Mortgage companies may require a homeowner to have flood insurance if their property is located in a low area. Each private company sets their own standards for what is required of the homeowner to prove whether their buildings are or are not located in the flood zones.
The federal government determines the location of these flood zones thru its National Flood Insurance program. You may call the National Flood Insurance at (800) 638-6620 or (800) 424-8872 or e-mail them.
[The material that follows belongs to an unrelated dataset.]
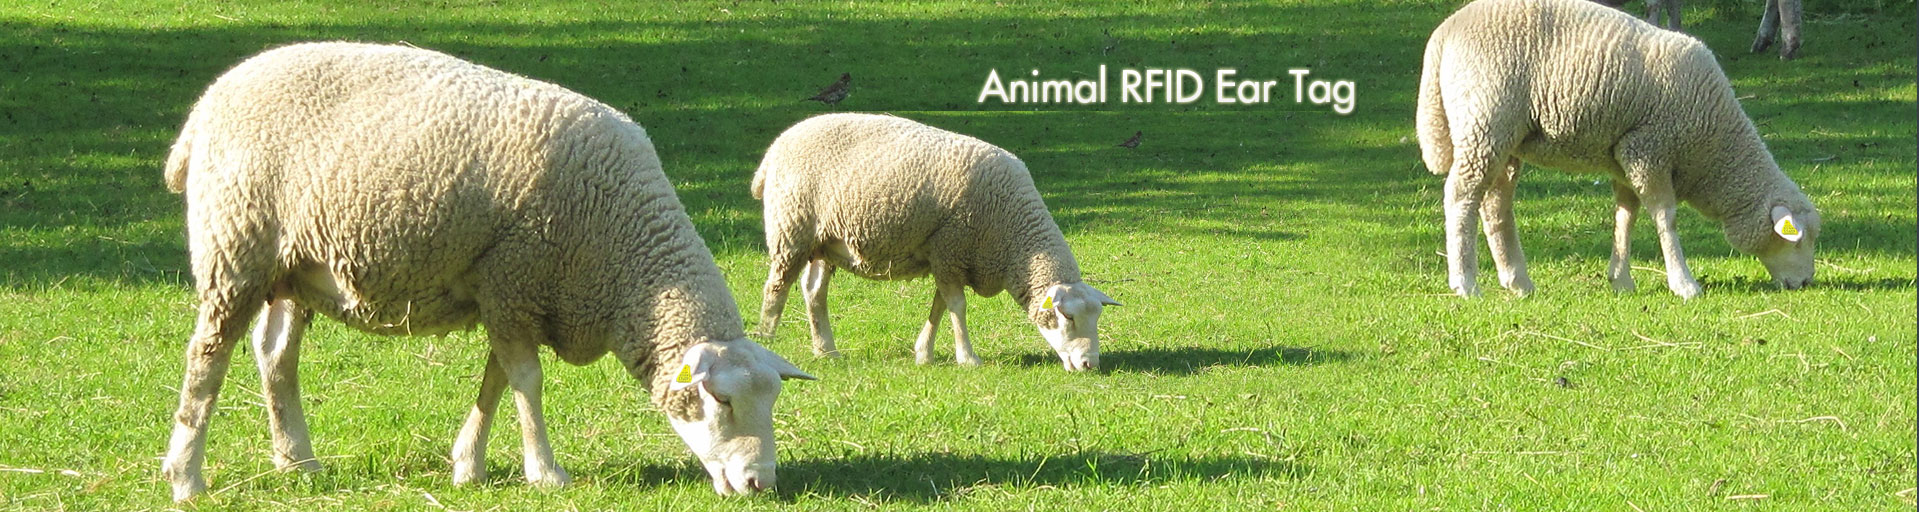 RFID Animal Ear Tag

Other useful flood insurance information can be found at:
The City is responsible for maintenance of its stormwater system, which includes pipes, constructed ponds, lakes, wetlands, ditches, swales, and other drainageways. Other units of government are responsible for maintaining the stormwater systems under their control. Down load map below for location of who is responsible for what. For example:
Owners of private stormwater facilities are responsible for maintaining their facilities in proper condition, consistent with the original performance design standards. Responsibilities include removal and proper disposal of all settled materials from ponds, sumps, grit chambers, and other devices, including settled solids
In addition to more typical maintenance measures, maintenance of the city’s stormwater system may also mean maintaining or restoring the ecological characteristics of the natural portions of the stormwater system. The city of New Brighton recognizes the importance of maintaining all of the city’s stormwater facilities. Proper maintenance will ensure that the stormwater system provides the necessary flood control and water quality treatment.